No need to fix anfog_dm. I have to deal with the files in error_dir . However issue with file sitting in anfog_rt incoming dir
Cleaned old dirs out of /tmp to free up more space
mv $( find /tmp/ -ctime +2 -type d ) /mnt/ebs/tmp/from_root_tmp/
@julian1 Please make /mnt/ebs/tmp/from_root_tmp/
read/writeable to project officers so that we can remove files once we've figured out why they were in /tmp
(and made sure they don't end up there again). At the moment even just running du
to see how much data is in there results in a bunch of "Permission denied" messages.
@mhidas I've changed the owner to projectofficer. Let me know if that's not enough.
:+1: Thanks @julian1
@julian1 , @mhidas - are you sure that's a good idea? Would read only access be sufficient? Pipeline processes shouldn't be writing to tmp right?
@pblain, /mnt/ebs/tmp/from_root_tmp/ is a directory that contains files that were purged out of /tmp that should not have been there, and which were stale and lost to the system.
I gave project officers ownership of this subdir only - to enable them to manually evaluate and process, and then to remove that directory.
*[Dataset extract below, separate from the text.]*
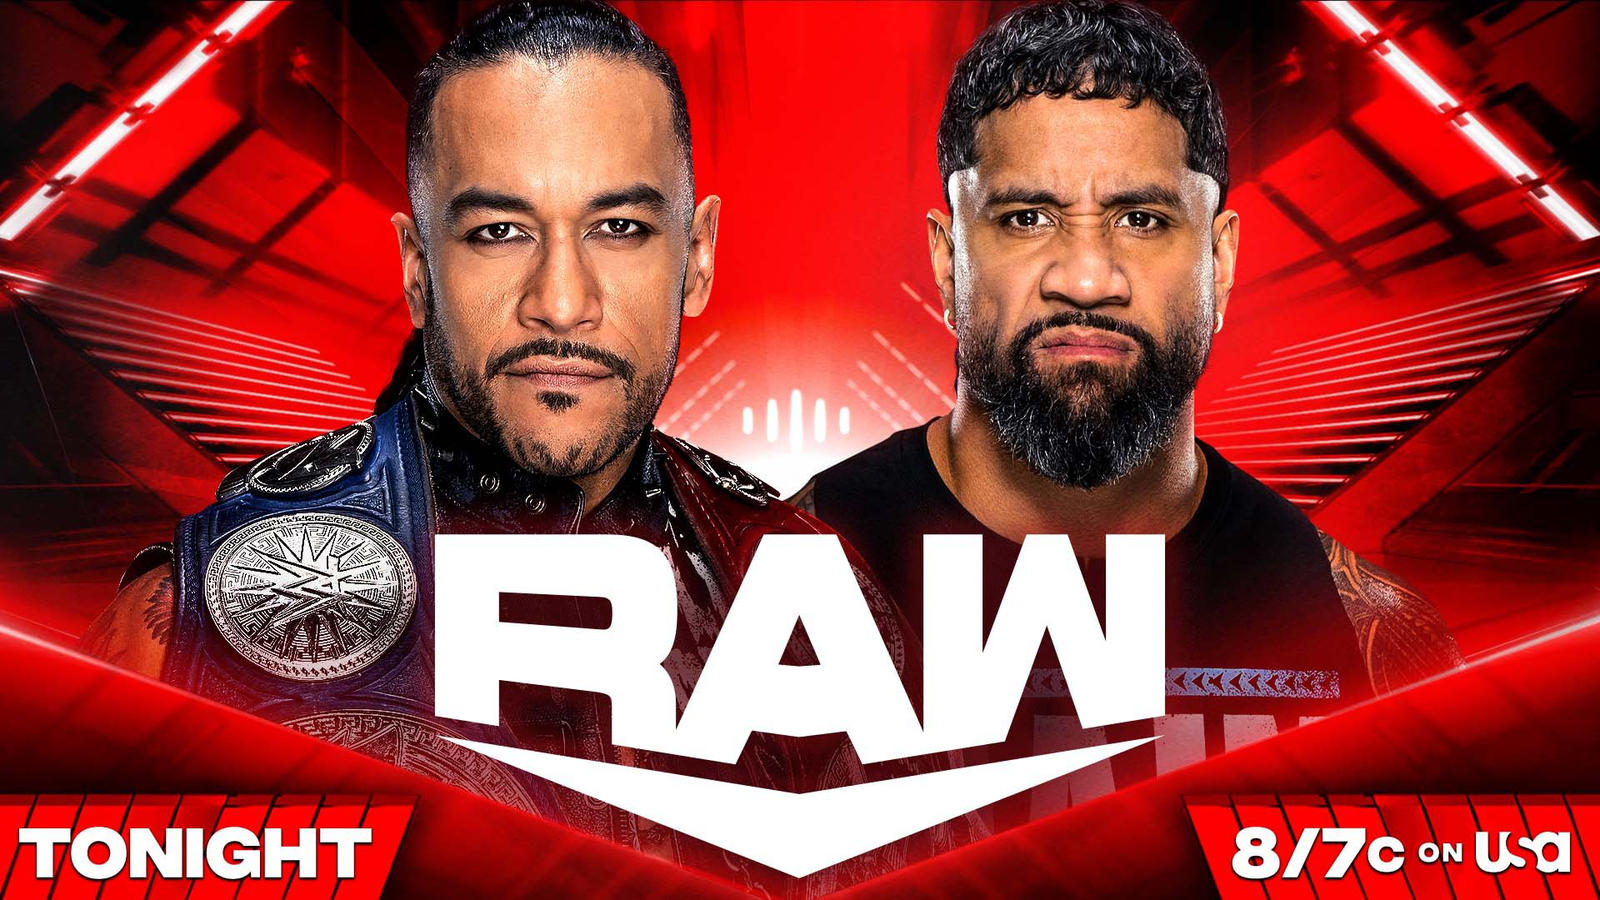 WWE Raw Results - 10/23/23 (Logan Paul appears, Jey Uso vs. Damian

No pipeline jobs should be using the /tmp directory. Unfortunately all talend jobs appear to.
@julian1 - makes sense. Thanks!
Summary for DOD
@mhidas Is this bug still relevant? Its on our board to do this iteration :)
euh , this is over 2 years old. I don't quite understand why it is on the board. This is the reason why we moved to pipeline 2
There are 112 files in
/mnt/ebs/incoming/ANMN/QLD
, uploaded between 16:30 and 18:30 last night, which have not triggered the incoming handler.